Though the Los Angeles Dodgers’ postseason issues didn’t exactly boil down to starting pitching, it surely would’ve helped if they had an extra arm locked down for the 2023 season now that Clayton Kershaw, Andrew Heaney and Tyler Anderson are about to become free agents. Don’t forget, Walker Buehler is out until 2024, too.
As for 2022, an extra starter in the rotation would’ve helped them avoid a bullpen game in the NLDS. There was also a need for a top-end starter following Buehler’s injury, which occurred in June. At the time, he wasn’t expected to be ruled out for the year, but it was obvious the right-hander wouldn’t be returning atop his game after surgery.
That gave Andrew Friedman and the front office ample time to strategize before the trade deadline. Per buzz from a few months ago, LA was targeting Cincinnati Reds ace Luis Castillo, but he eventually ended up with the Seattle Mariners.
Castillo was controllable through 2023, so the price was understandably going to be high. At the time of the trade, the right-hander was sporting a 2.86 ERA, 3.20 FIP and 1.07 WHIP in 14 starts.
Seattle ended up parting with a king’s ransom, sending shortstops Noelvi Marte (No. 1 prospect) and Edwin Arroyo (No. 3), as well as right-handers Levi Stoudt (No. 5) and Andrew Moore to Cincinnati.
Should the Dodgers regret not trading for ace Luis Castillo at the deadline?
- C Diego Cartaya
- 3B Miguel Vargas
- OF Andy Pages
- RHP Peter Heubeck
Also, the M’s might’ve not even wanted that assortment of players since they ended up acquiring two shortstops and two pitchers. But what if the Dodgers amended the package to give up, say:
- RHP Bobby Miller
- 2B/OF Michael Busch
- RHP Gavin Stone
- 2B/SS Rayne Doncon
Would fans have been comfortable parting with that group for Castillo? Maybe not for 1.5 years of the right-hander, but throw in the fact Castillo agreed to a five-year, $108 million extension, and that certainly would’ve made it easier to swallow the pill of surrendering that much talent.
Maybe the Reds wouldn’t have accepted that package or something similar. We’ll never know. But for the sake of argument, let’s just say the Dodgers had the opportunity to beat that offer. If they opted not to, think they’re regretting it now?
Castillo for the next six seasons would’ve insured them against Kershaw leaving, Buehler missing all of 2023, and Urías’ free agency after 2023. It would’ve given them a dominant top two in 2023, too.

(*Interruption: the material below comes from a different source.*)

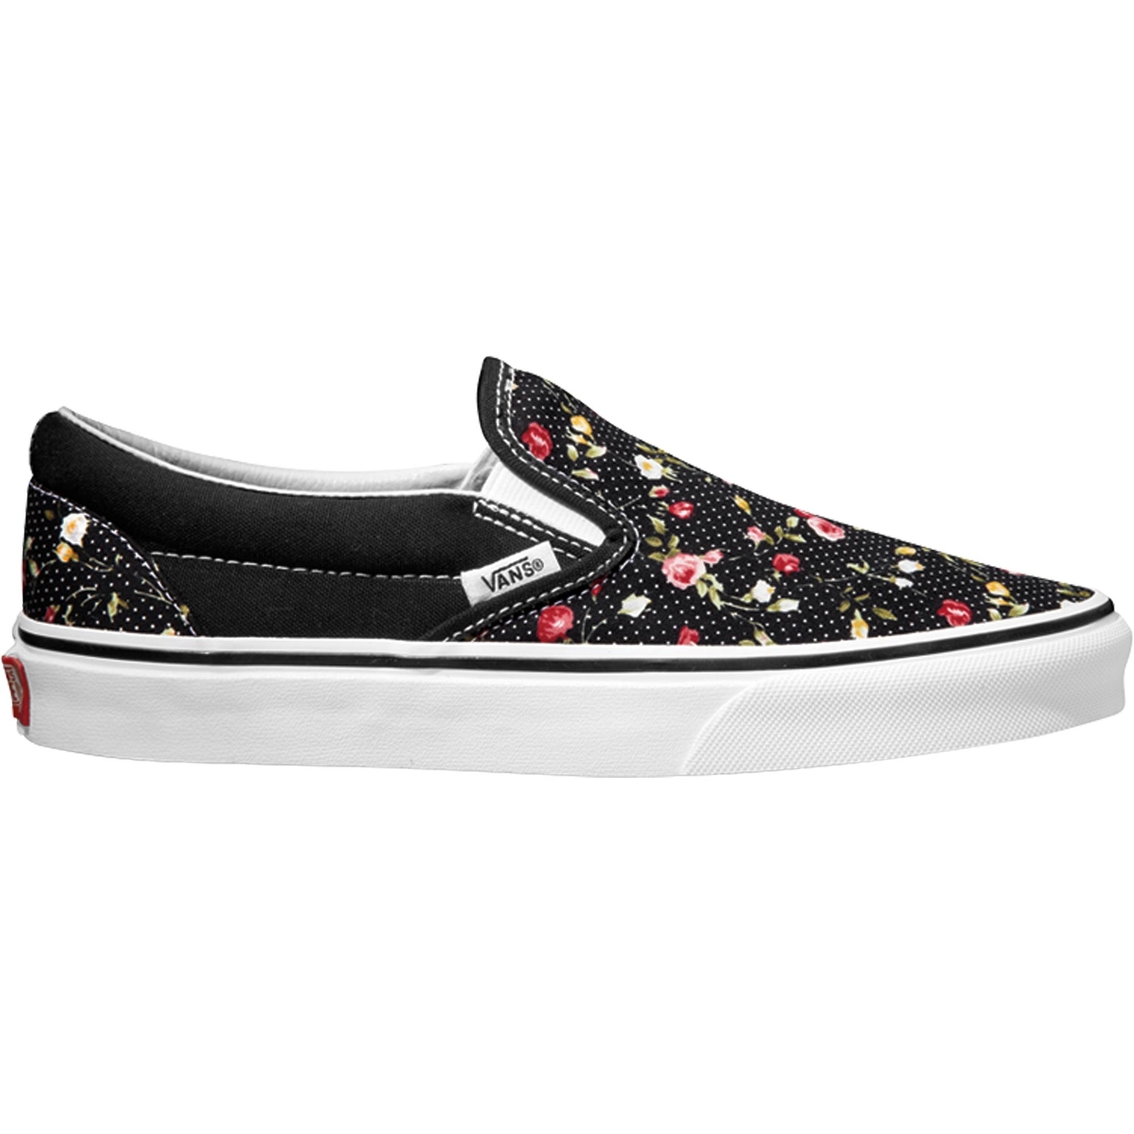 Vans Women's Slip-on Floral Dots Shoes 
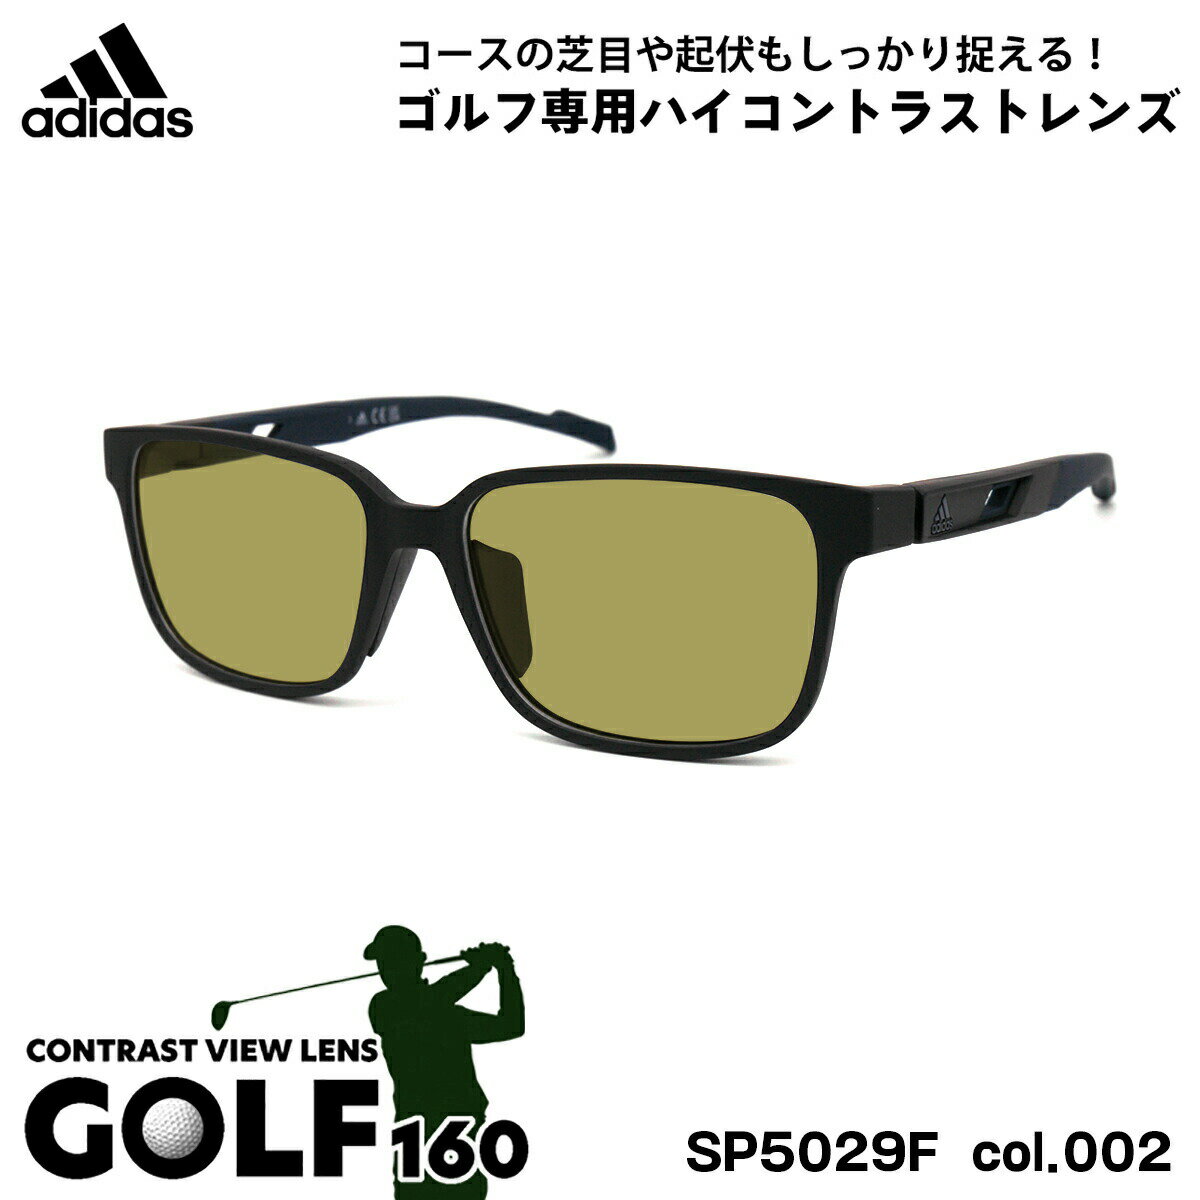 アディダス アディダス サングラス ゴルフ SP5029F (SP5029F/V) col.002 56mm adidas アジアンフィット 国内正規品 UVカット メンズ レディース GOLF160

Friedman will surely make up for it this offseason, but it perhaps would’ve been nicer to have one less thing on the docket for what’s expected to be a very busy next few months.
Jury’s still out here. We’ll have a more definitive answer during the 2023 season when we see how the Dodgers’ prospects develop and how their starters are performing in the rotation.